--- Description of the task ---
Please write out the whole listing that follows exactly; the pictures stay out.

--- Raw data ---

┌──

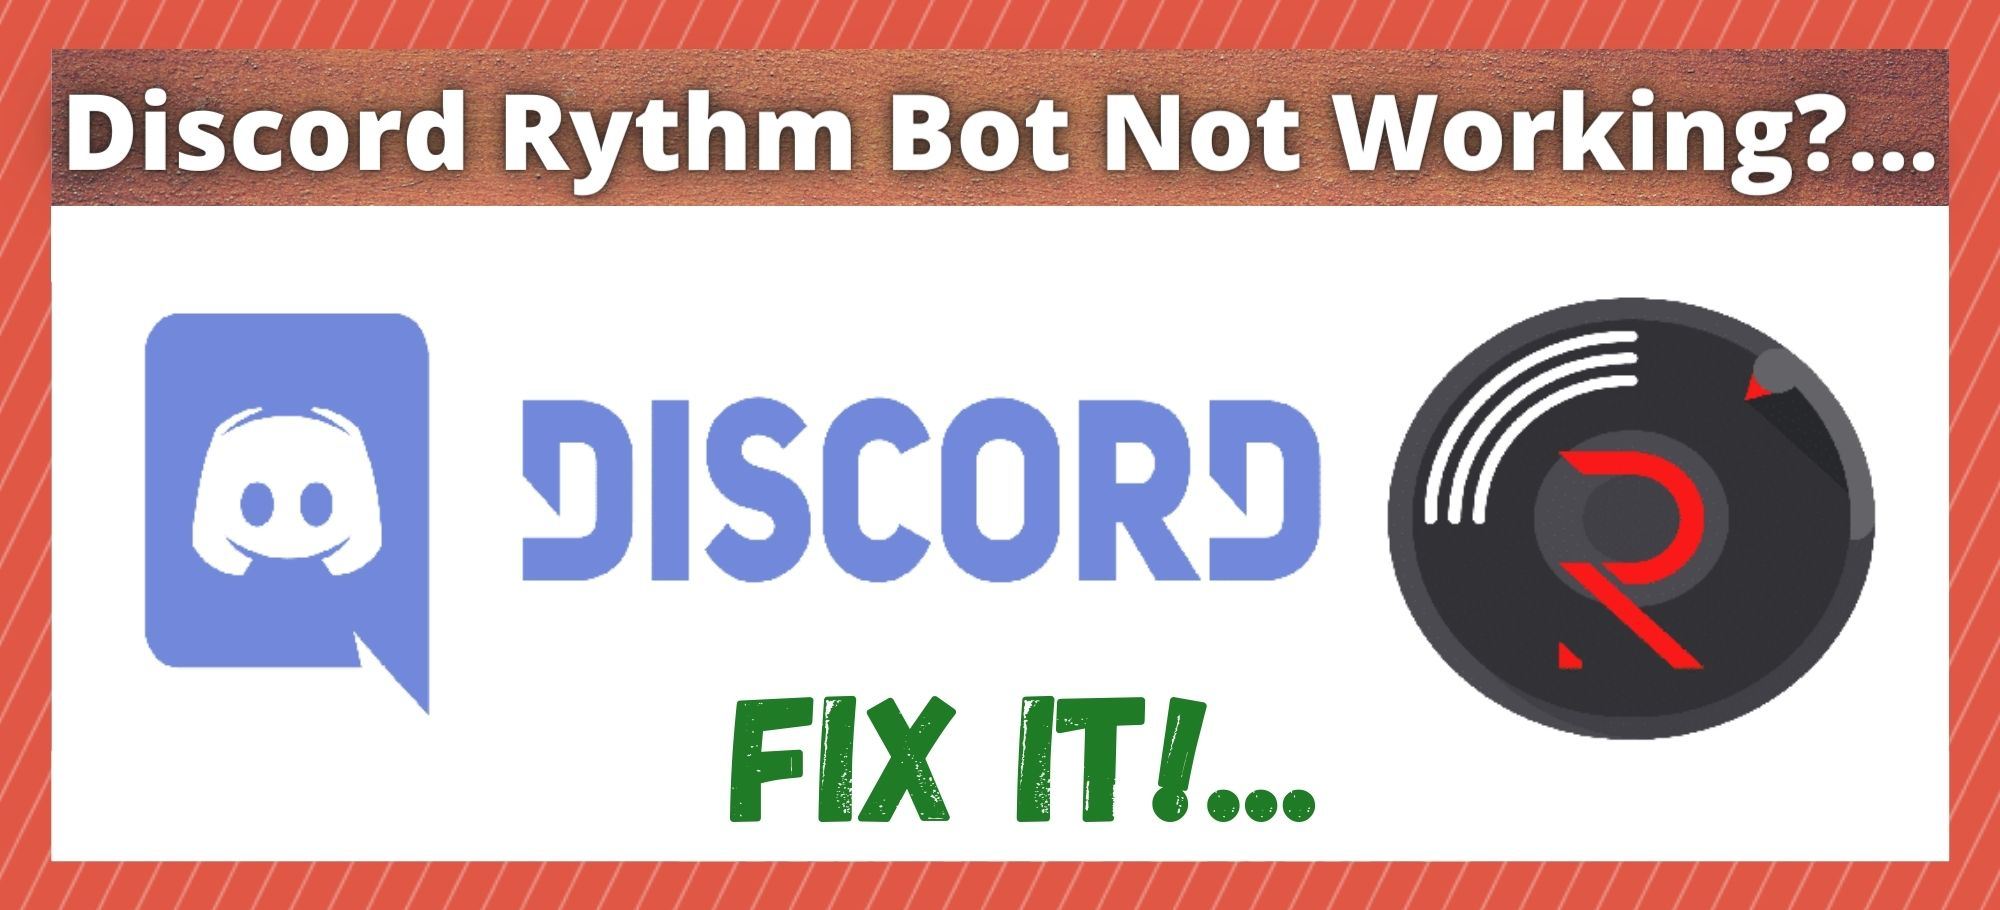 Rythm bot
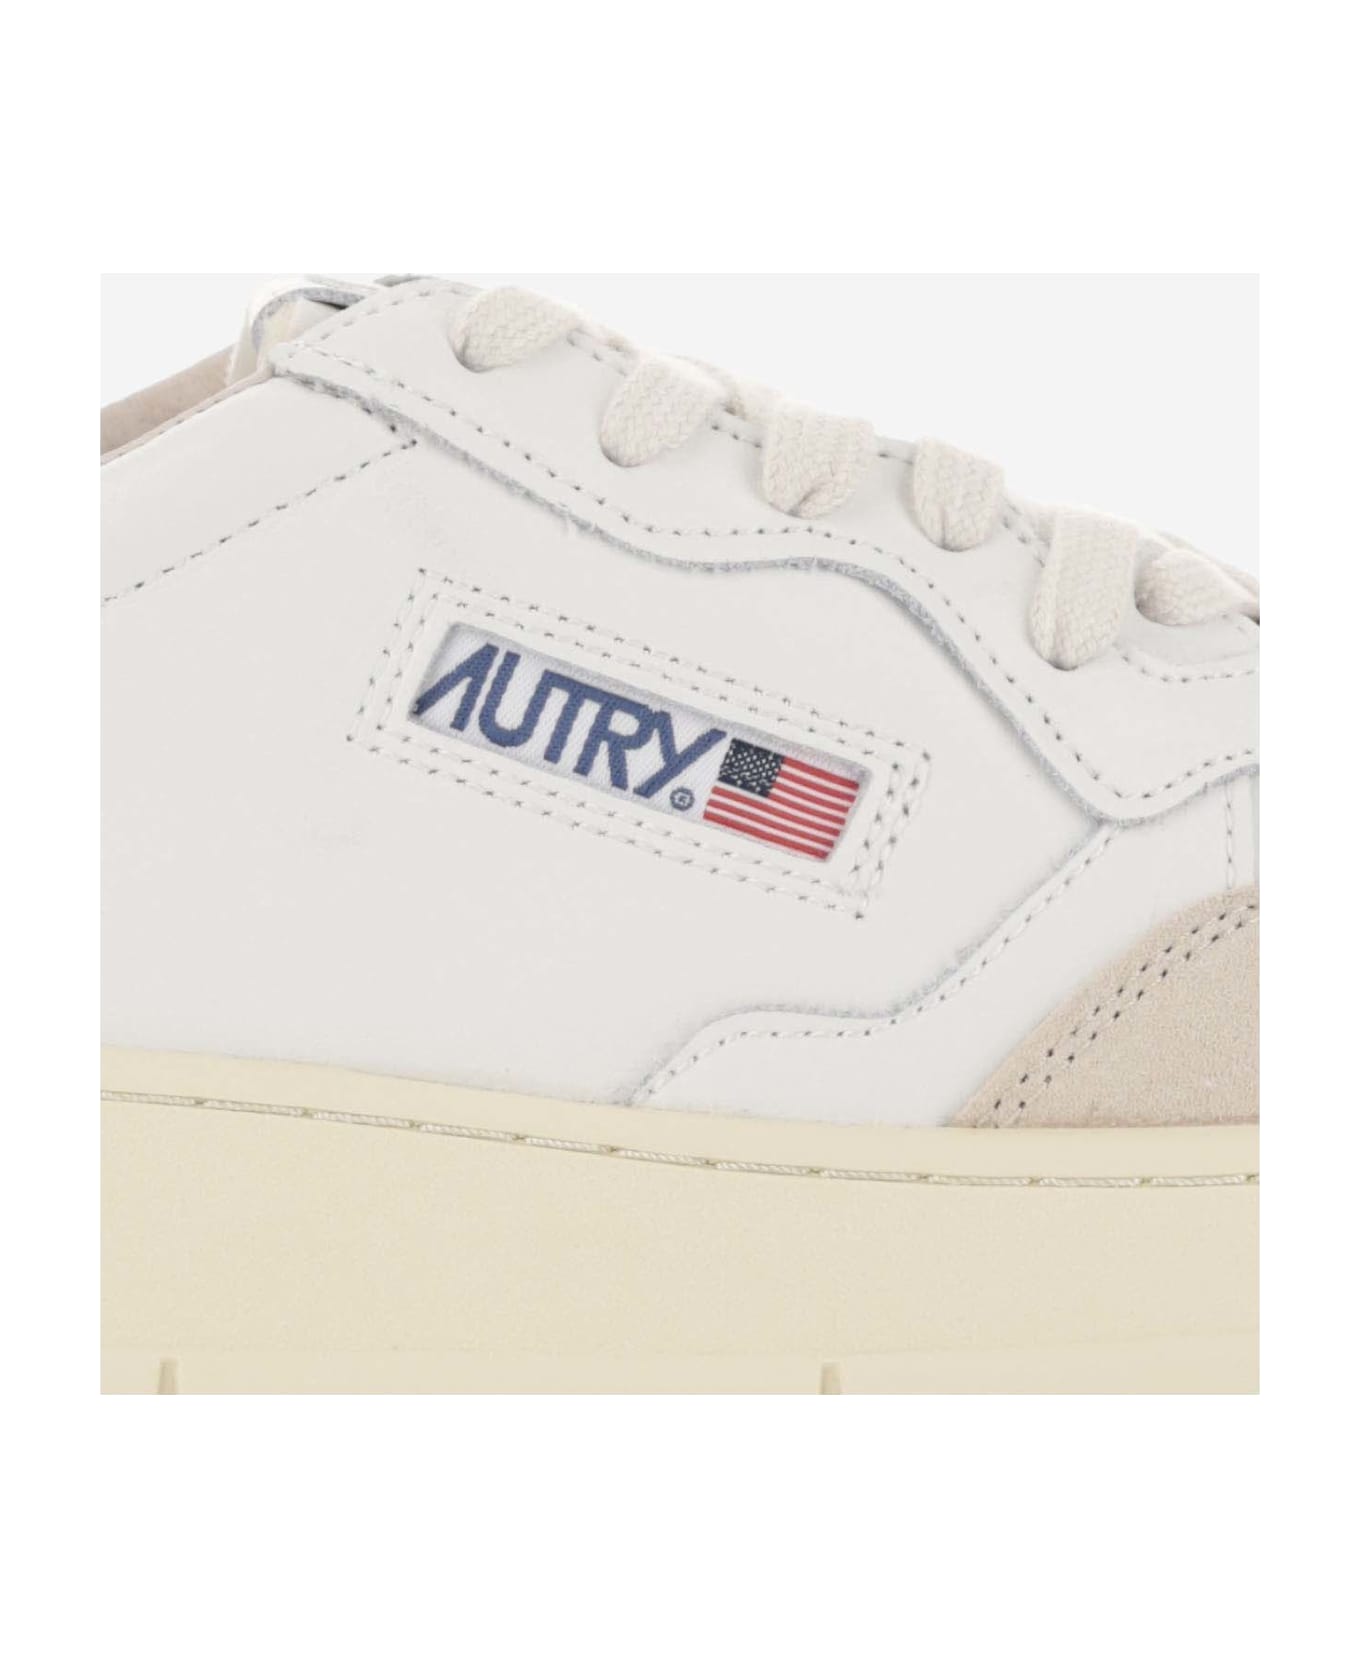 Autry Low Medalist Sneakers - Wht/lemgra
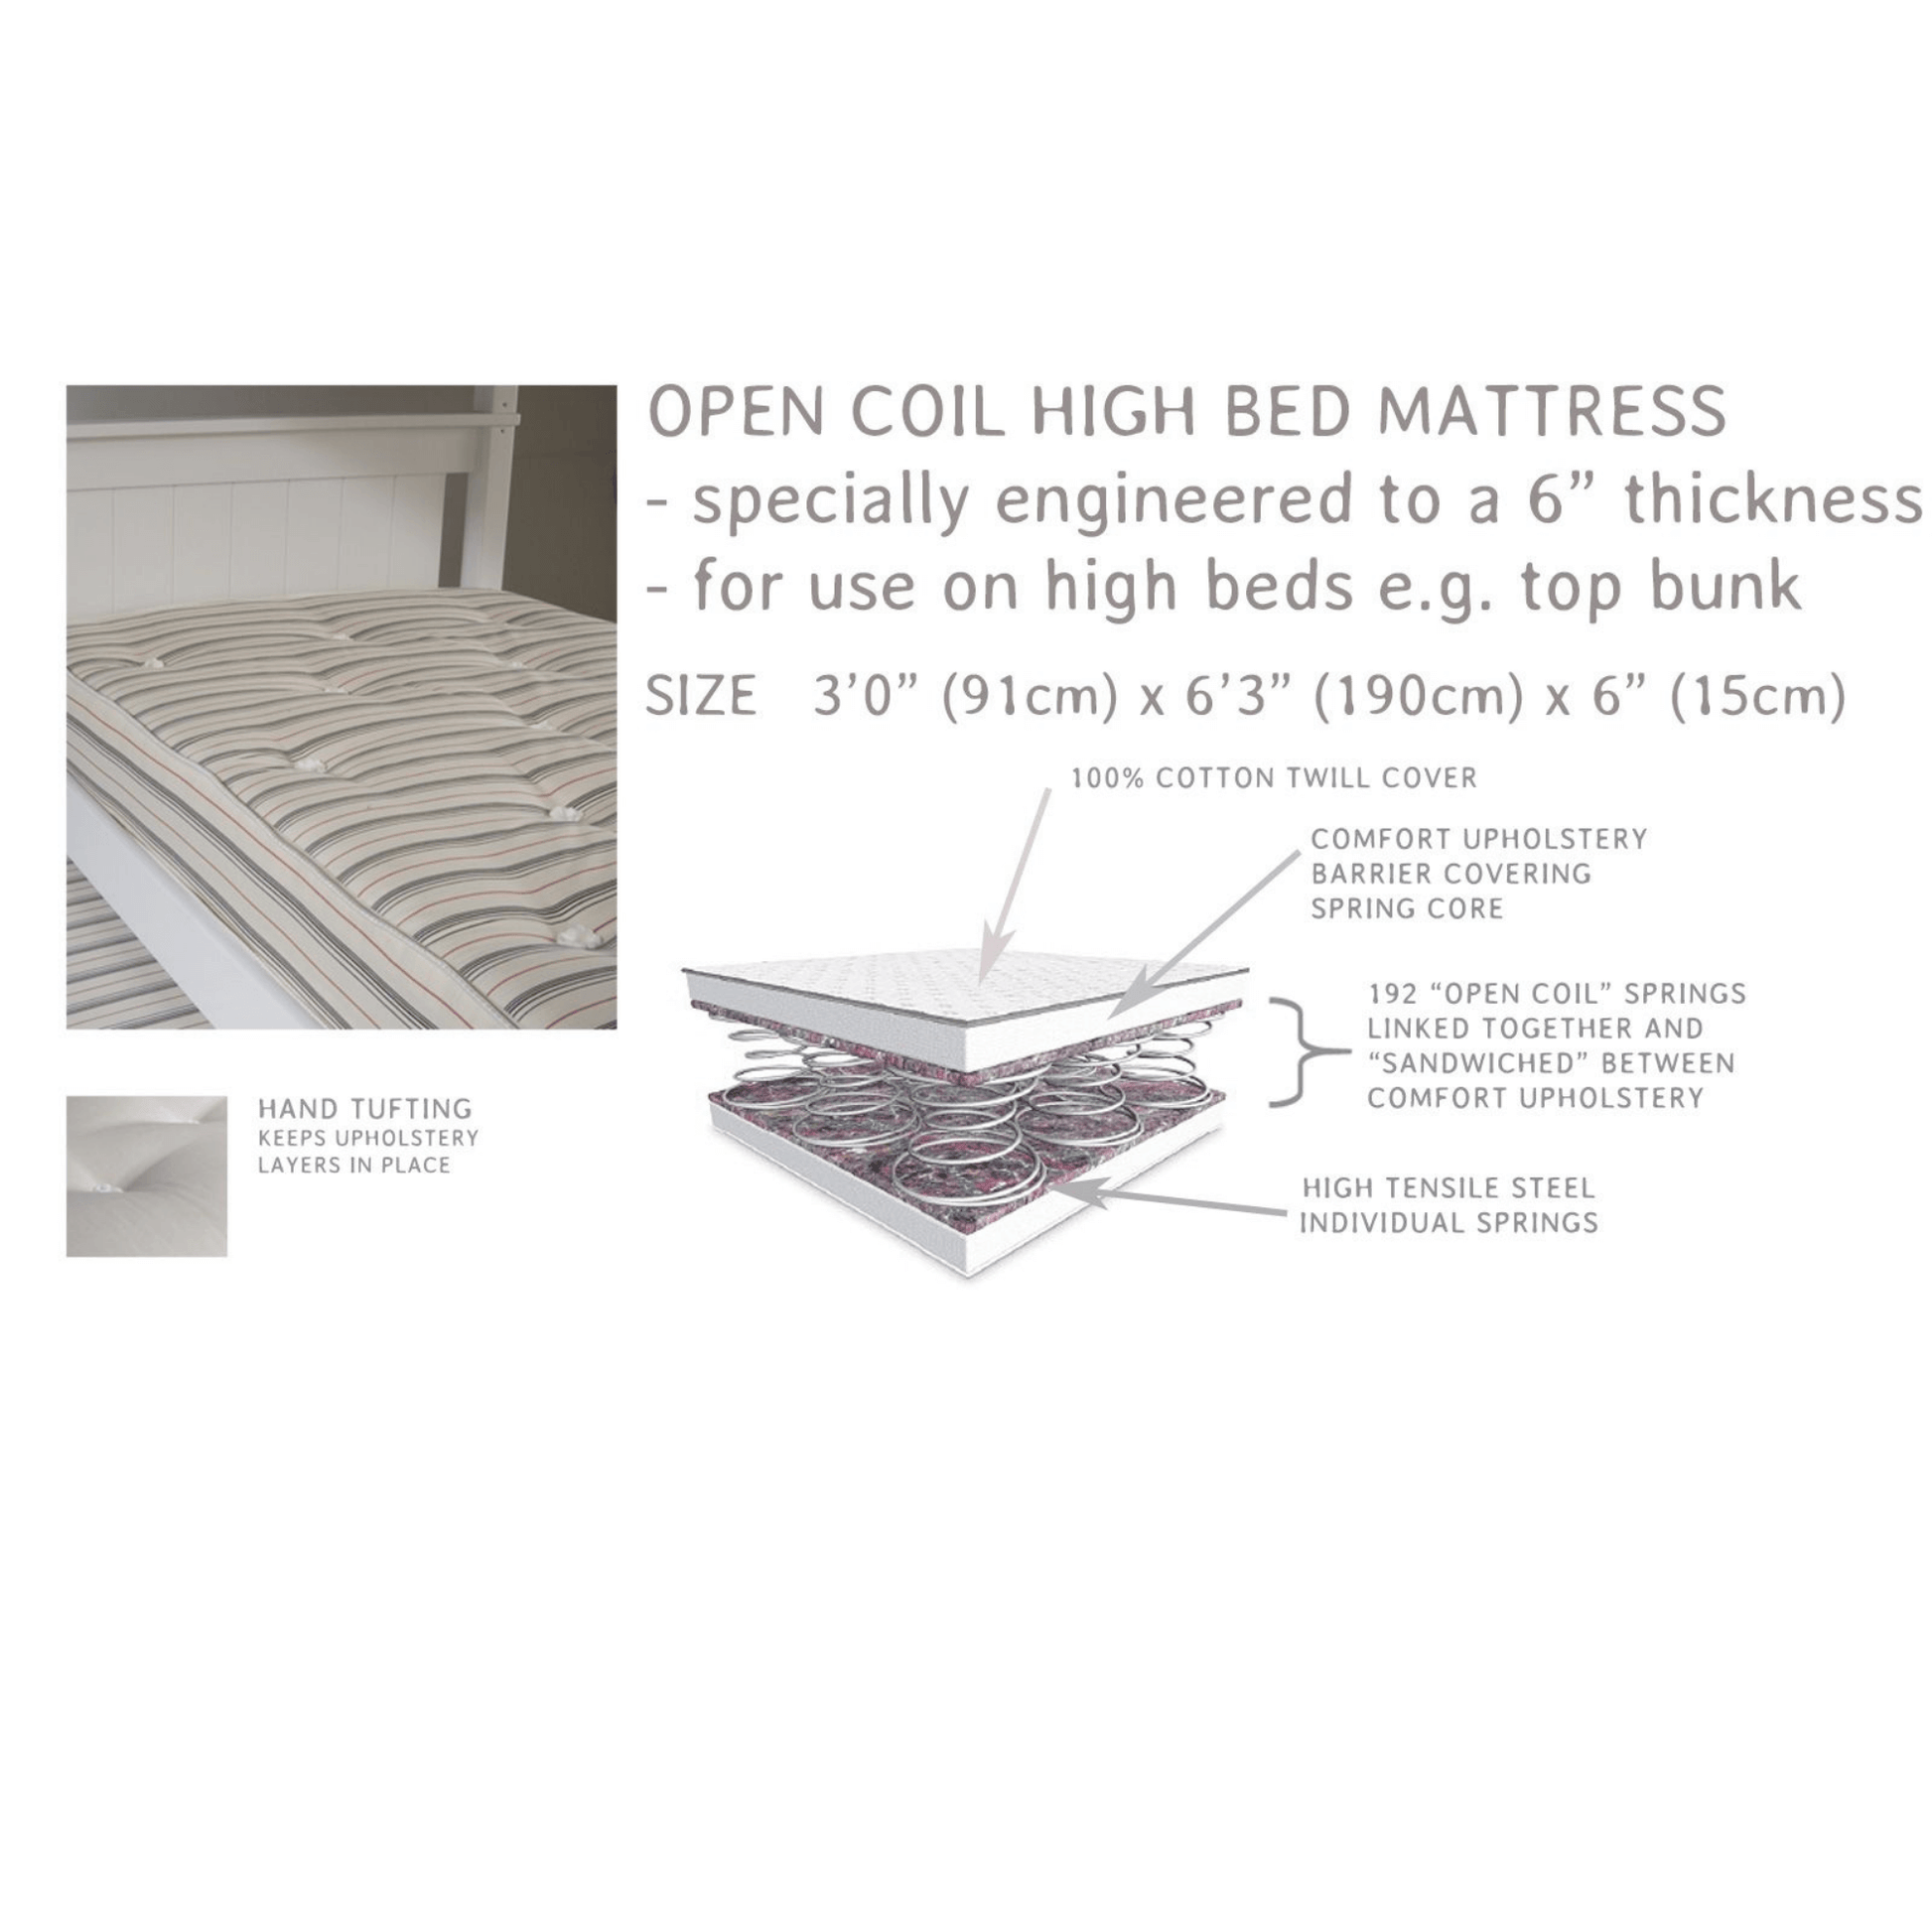 High Bed Cotton Open Coil Single Mattress details

└──

--- Exercise response ---
 Rythm bot
 Autry Low Medalist Sneakers - Wht/lemgra
 High Bed Cotton Open Coil Single Mattress details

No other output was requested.